4 – Rentrée (2)

Elle déboula hors d’haleine dans l’immense bulle vitrée qui formait le hall d’accueil de l’ENSPhyS. Il était 8 h 35. Les salles de travaux pratiques étant situées au cinquième étage, elle hésita un instant lorsqu’elle constata que même cinq minutes après le début des cours, de nombreux étudiants se pressaient encore aux portes des deux ascenseurs. Elle savait d’expérience qu’ils adaptaient leur ponctualité à celle de leur prof et se souvint que Le Foll était plutôt du genre à se faire désirer. Elle opta donc pour les escaliers. En chemin, elle rencontra Sami, l’homme à tout faire de l’école.

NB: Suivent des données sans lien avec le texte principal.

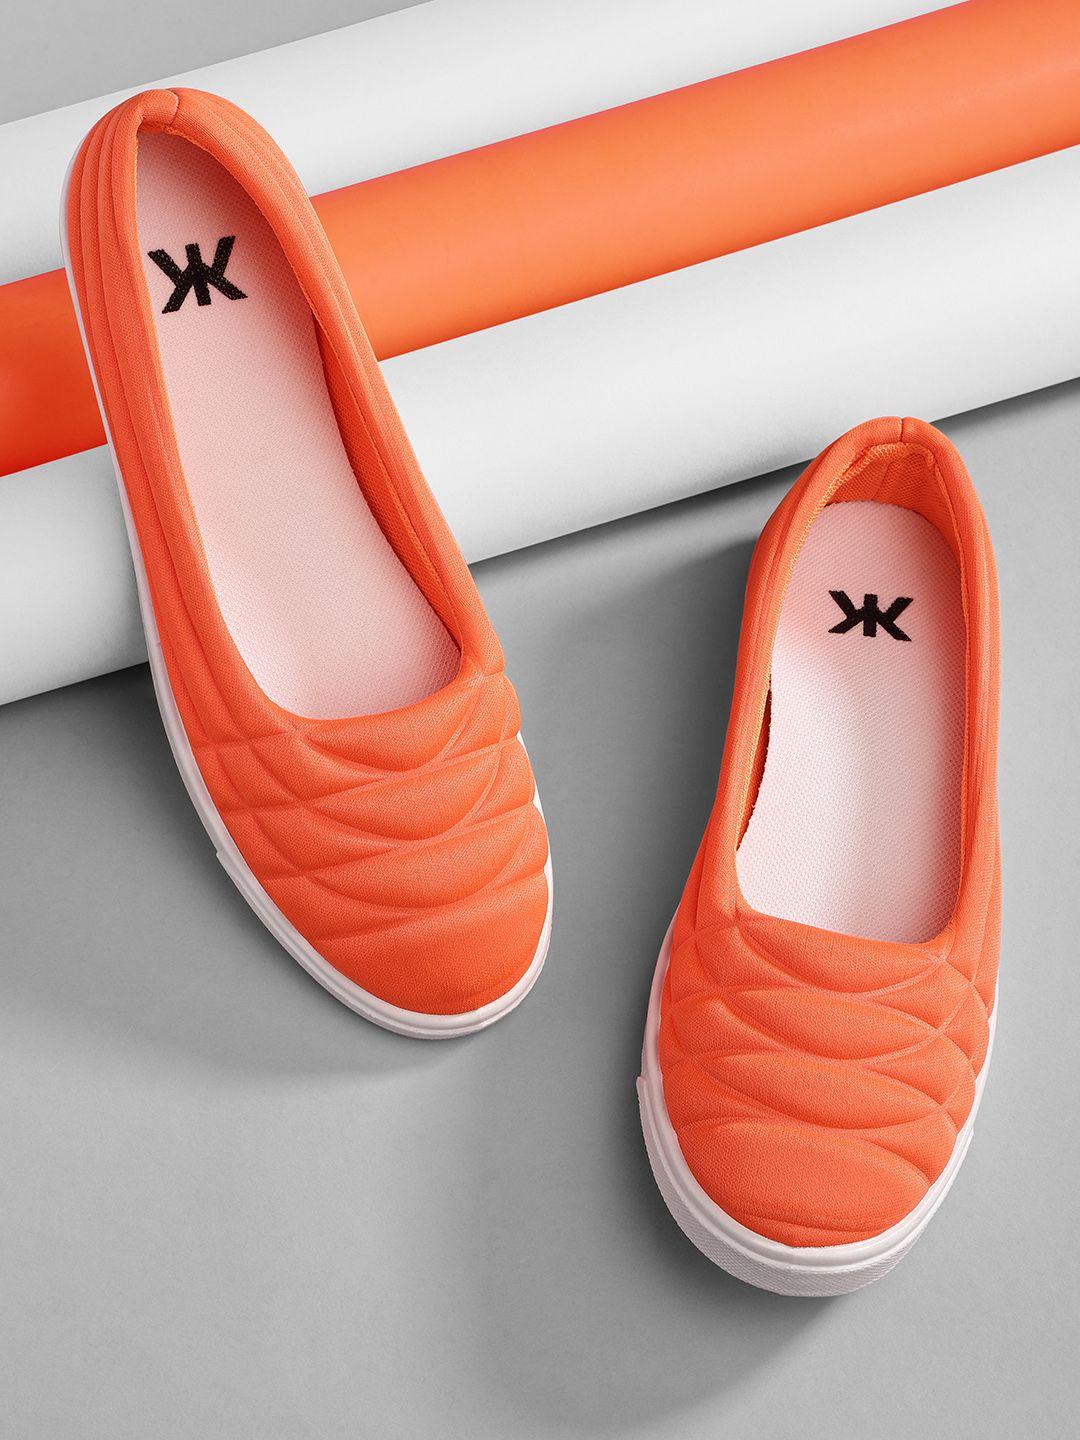 kook-n-keech-women-orange-quilted-ballerinas

— Salut mademoiselle, bonne année !
— Bonne année à toi aussi Sami !
— Merci bien !
Elle lui trouva une mine particulièrement affectée. Chaque fois qu’elle le croisait, il était en train de pousser ce grand chariot à roulettes qui faisait un bruit d’enfer. Elle pensa immédiatement au mythe de Sisyphe et se demanda quel Dieu il avait bien pu défier dans une vie antérieure.
Elle ouvrit la porte donnant sur le couloir du cinquième au bord de l’apoplexie d’avoir gravi toutes les marches deux par deux. Elle jura intérieurement en se disant que maintenant il lui faudrait au moins dix minutes pour reprendre son souffle. Le brouhaha des discussions de rentrée était assourdissant. Personne ne faisait attention à elle, d’ailleurs pourquoi l’auraient-ils fait ? À peine 6 mois plus tôt, elle faisait encore partie des leurs et comme son nom n’apparaissait pas sur l’emploi du temps, ils n’avaient aucune raison de penser qu’elle était leur prof. Elle parcourut rapidement la foule du regard. Elle ne voyait pas son collègue. La porte de la salle était verrouillée par un système de badge et elle savait que seuls les enseignants permanents y avaient accès. Elle prit son téléphone et composa le numéro de son directeur de thèse. Déjà dix minutes de retard, décidément, ce premier cours commençait mal.